● **Action item**
When writing out the entries below, keep only the lines from the line with "Xe tăng chủ" to the line with "XEXYMIX Logo Crew Socks - Black", both included, exactly as they are, and leave the pictures aside.

● **Given records**
· · · · ·
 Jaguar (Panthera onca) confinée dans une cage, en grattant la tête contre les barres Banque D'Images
· · · · ·
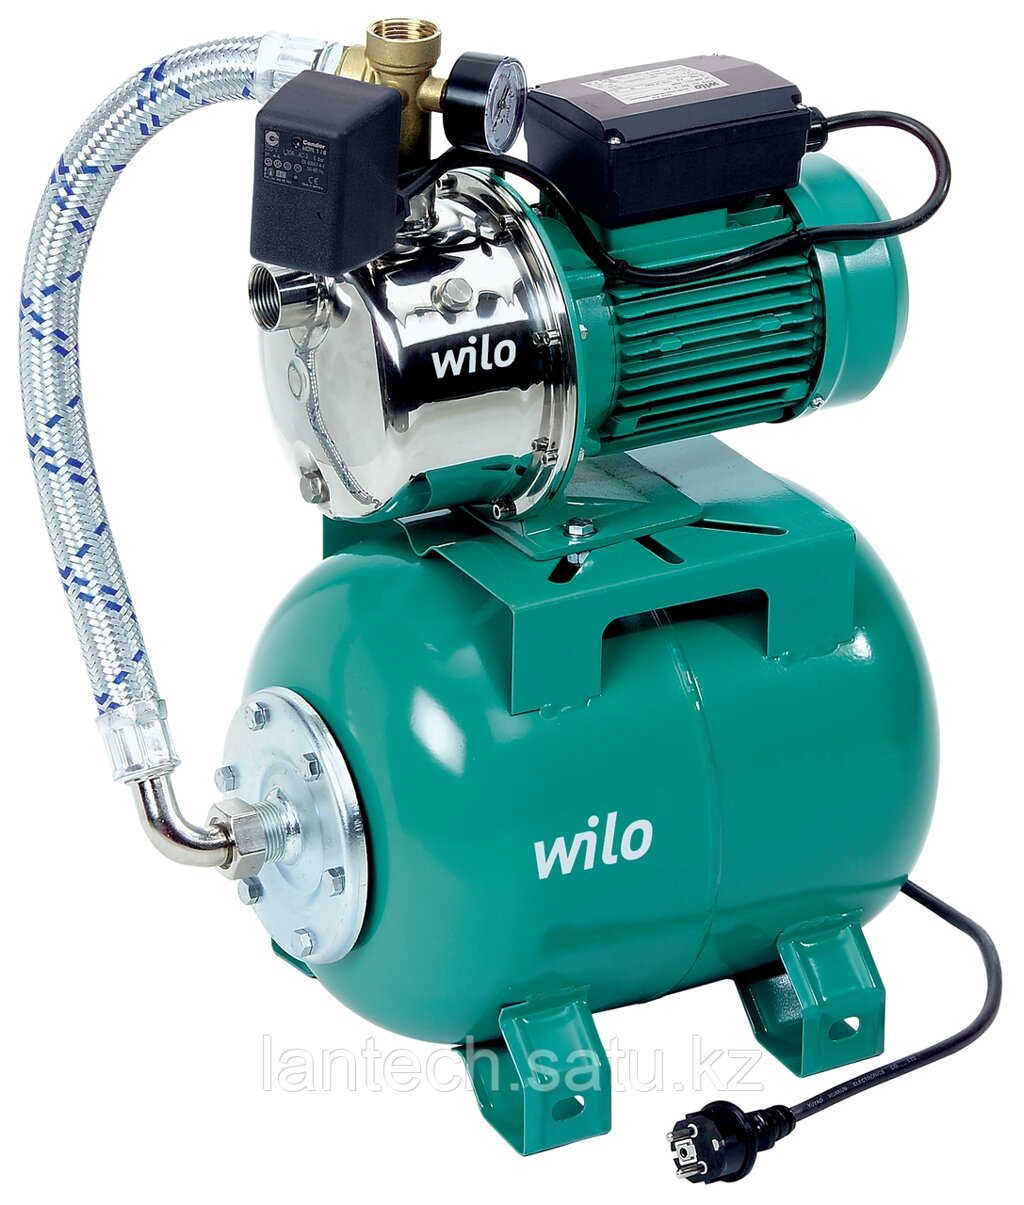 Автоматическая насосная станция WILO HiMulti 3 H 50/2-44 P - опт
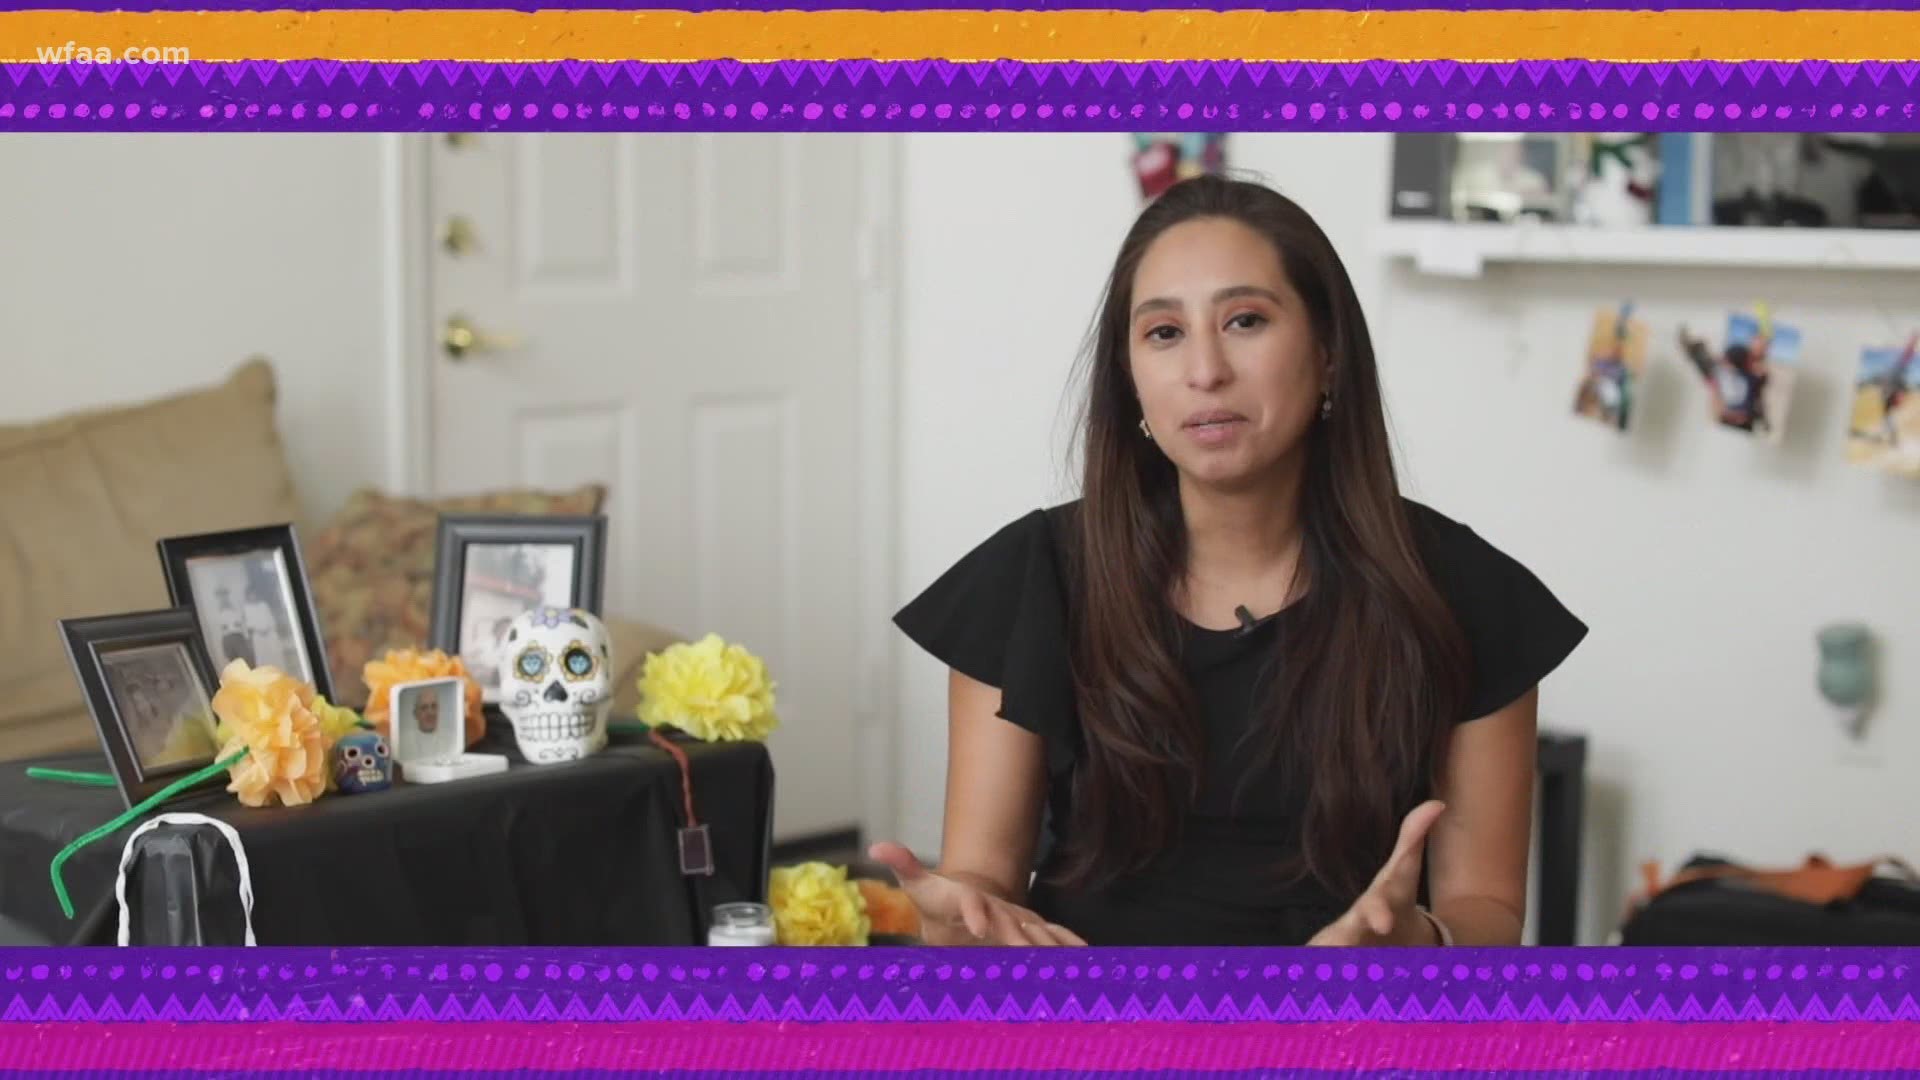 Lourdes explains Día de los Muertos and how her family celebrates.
· · · · ·
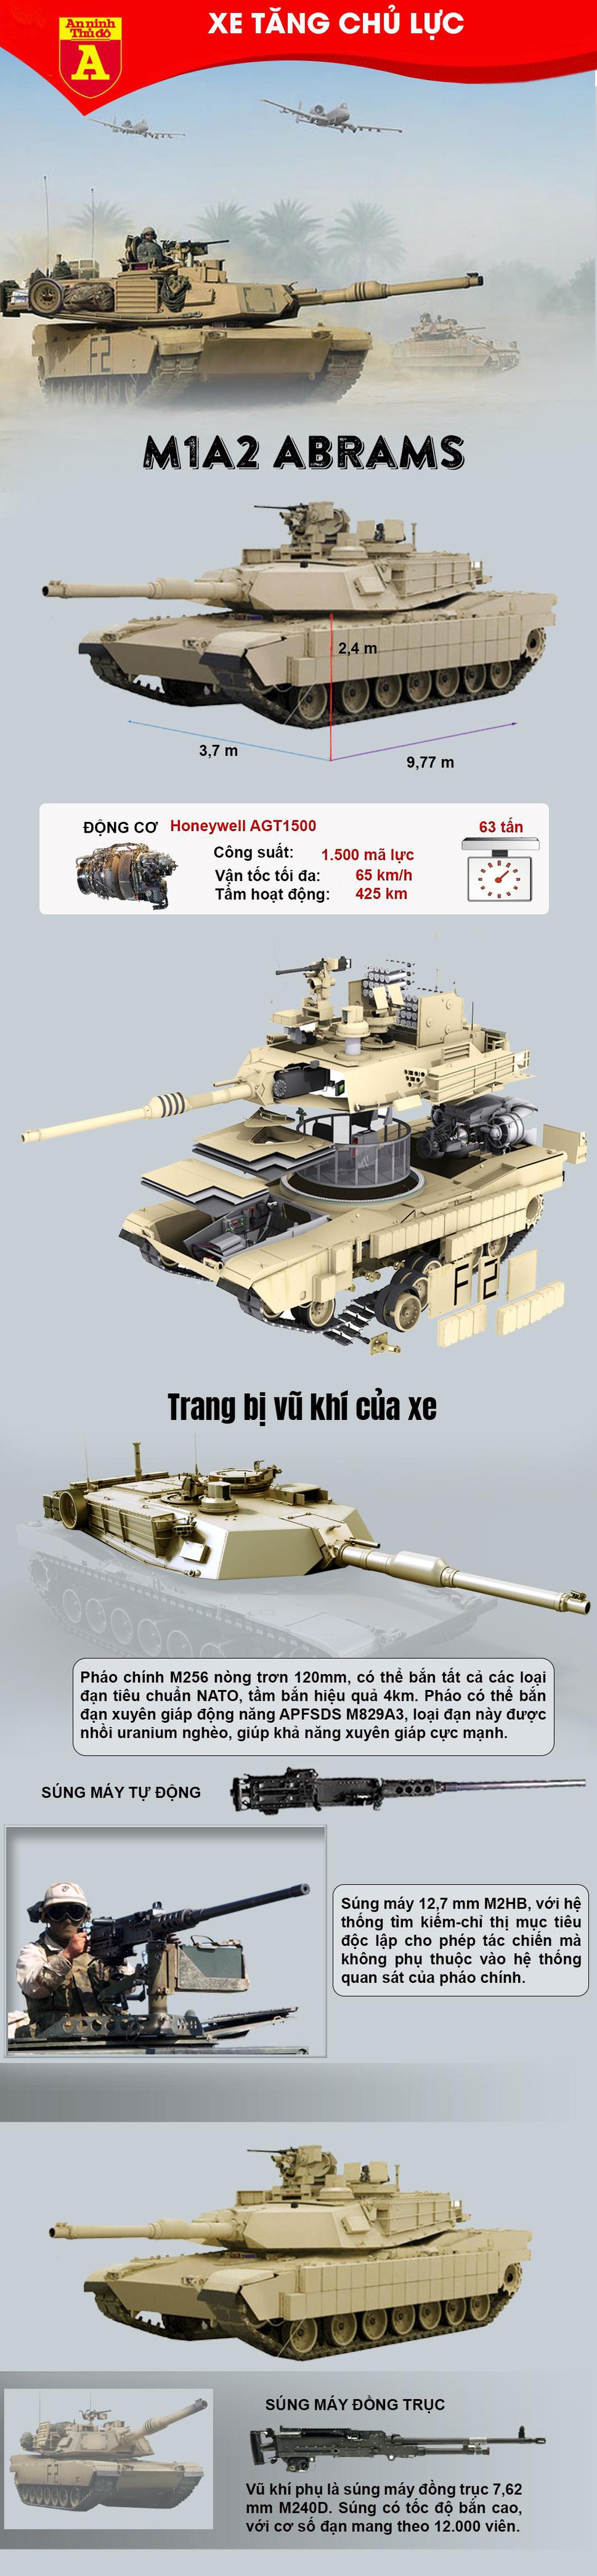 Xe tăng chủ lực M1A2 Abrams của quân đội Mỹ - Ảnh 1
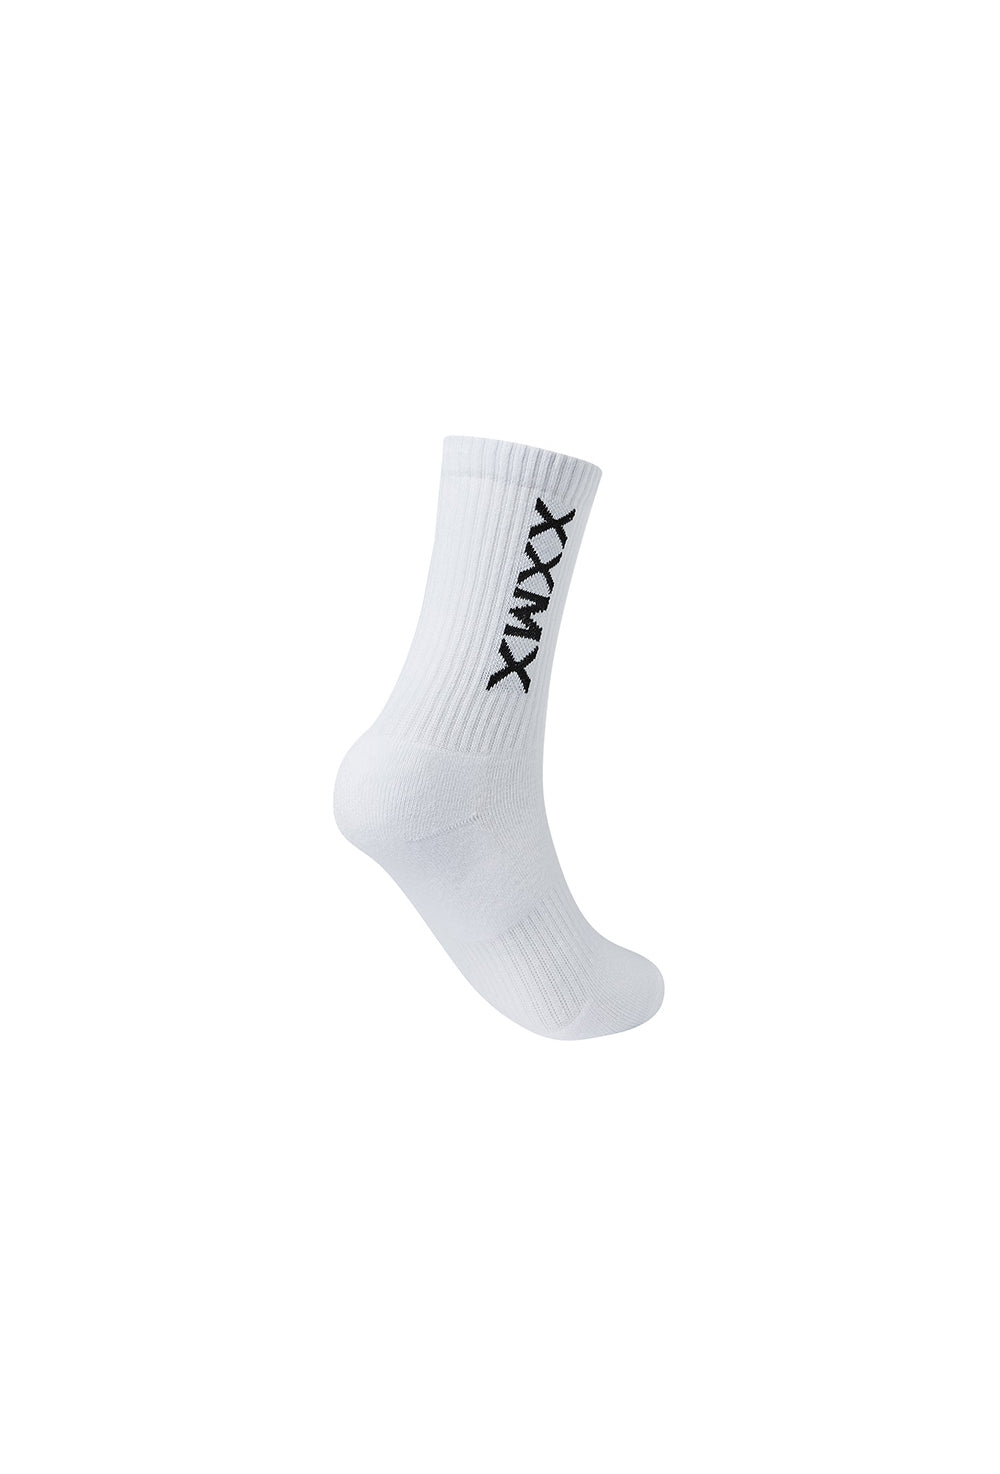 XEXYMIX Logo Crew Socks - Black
· · · · ·
● **Answer below**
 Xe tăng chủ lực M1A2 Abrams của quân đội Mỹ - Ảnh 1
 XEXYMIX Logo Crew Socks - Black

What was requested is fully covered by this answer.